Non-seminomatous germ cell tumours of the testis (NSGCT) form a heterogeneous group of neoplasms. Cell lines derived from NSGCT may provide useful data concerning the biology of neoplasic precursor germ cells, differentiation of tumour stem cells and the relationship between various tissue components of these tumours. Four NSGCT were studied, two mixed tumours composed of teratocarcinoma, yolk sac and trophoblastic elements, and two malignant teratomas with a massive neuroectodermal component, equivalent to primary neuroectodermal tumours (PNET) of the testis.
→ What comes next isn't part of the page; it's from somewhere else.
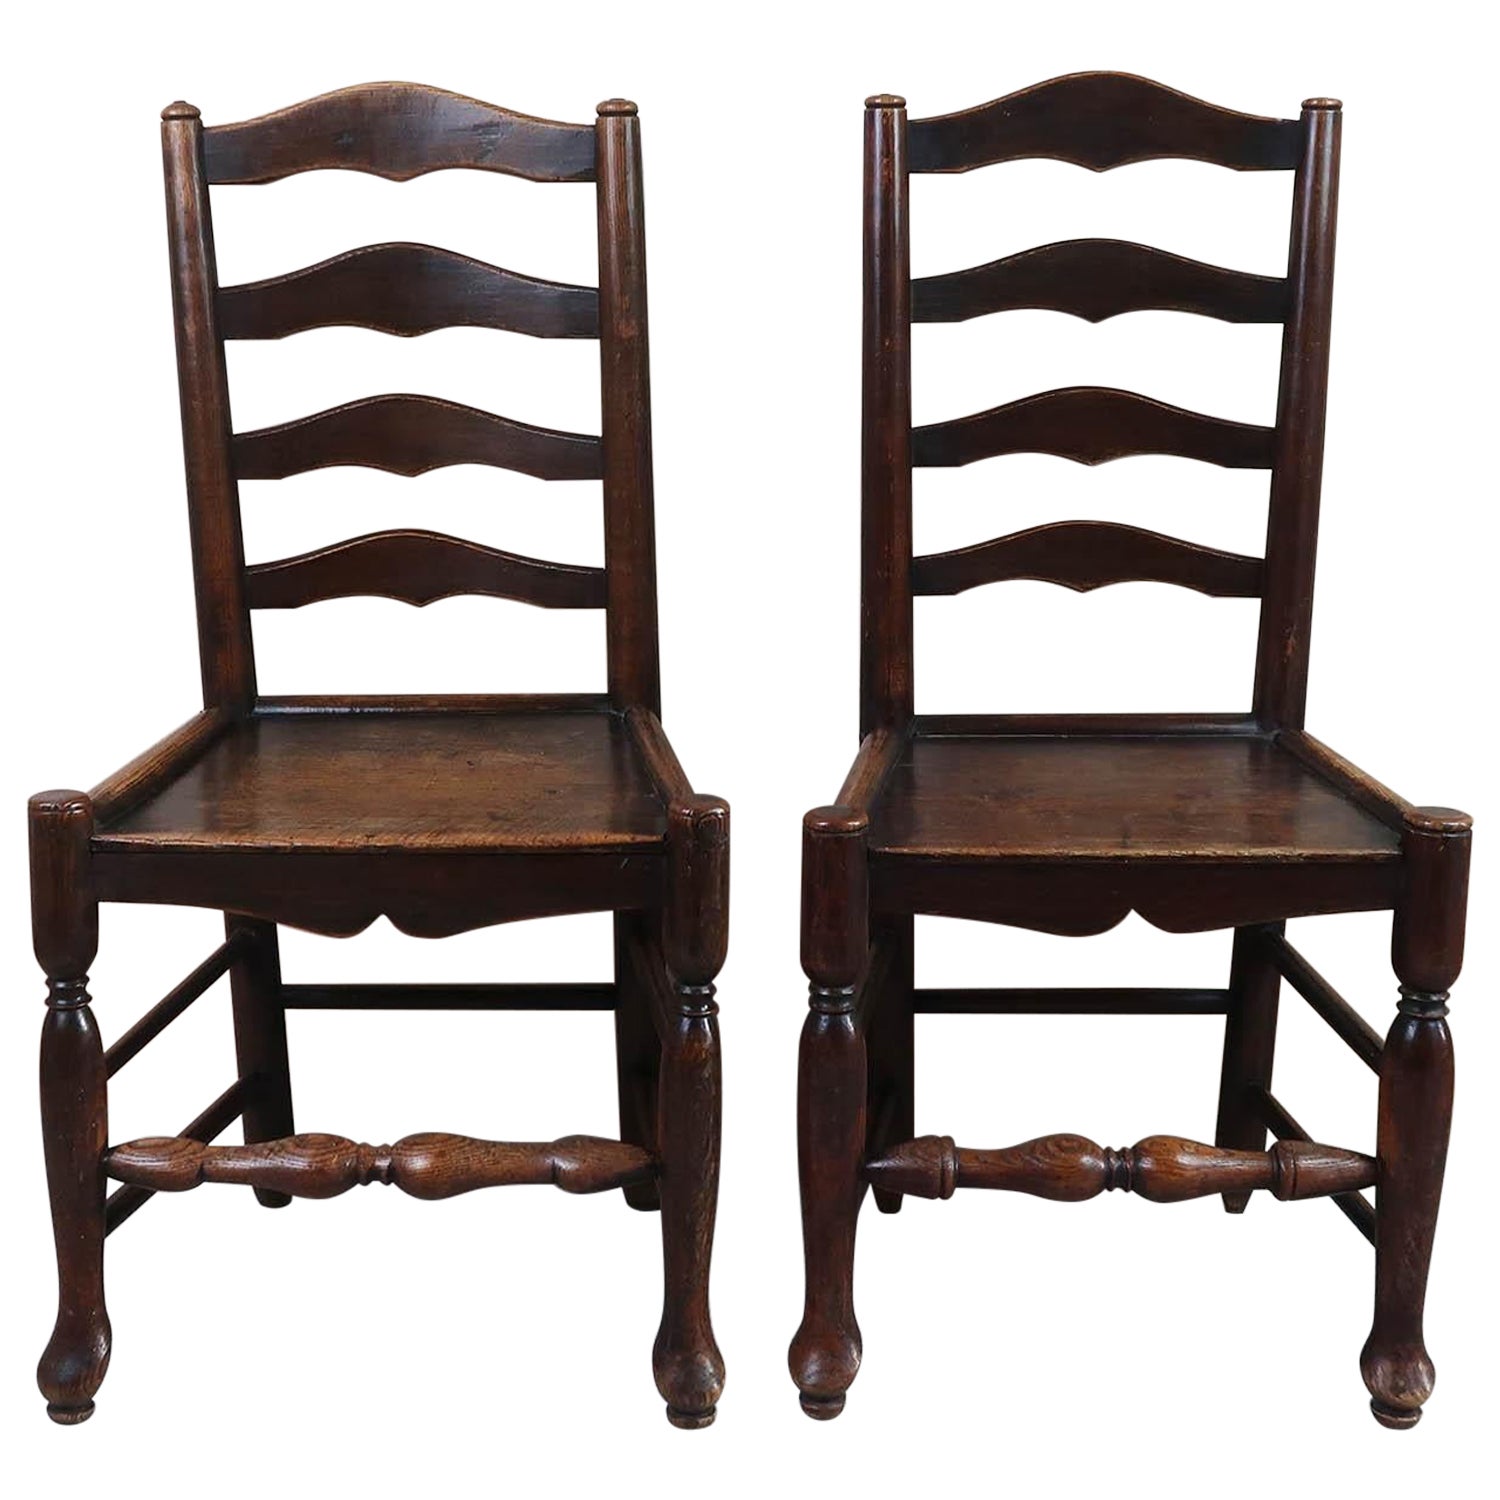 Near Pair of Antique Welsh Country Ladder back Chairs. C.1800 im Angebot

The explanted tumours gave rise to various cell populations, including epitheloid cells, flattened large cells, spindle cells and tear drop cells of neuroblastic type. Ultrastructurally, cultured cells expressed various degrees of neural and muscular differentiation: neurosecretory granules, intermediate filaments of glial nature, and filaments resembling Z-bands. Cultured cells showed the expression of several neural and muscular markers, including neurofilaments, cytokeratin, actin, desmin, neuron-specific enolase, glial fibrillary acidic protein and HNK-1. In addition, three cases expressed HBA-71 antigen and two expressed MyoD1 protein. All cases were aneuploid, and an isochromosome 12p, i(12p), was detected in three cases. Myoblastic and neural cells are the predominant tumour cells that grow in vitro, independent of the nature and composition of the primary germ cell tumour. A histogenetic relationship between germ cell tumours and small round cell tumours of childhood is suggested.

[Indexed for MEDLINE]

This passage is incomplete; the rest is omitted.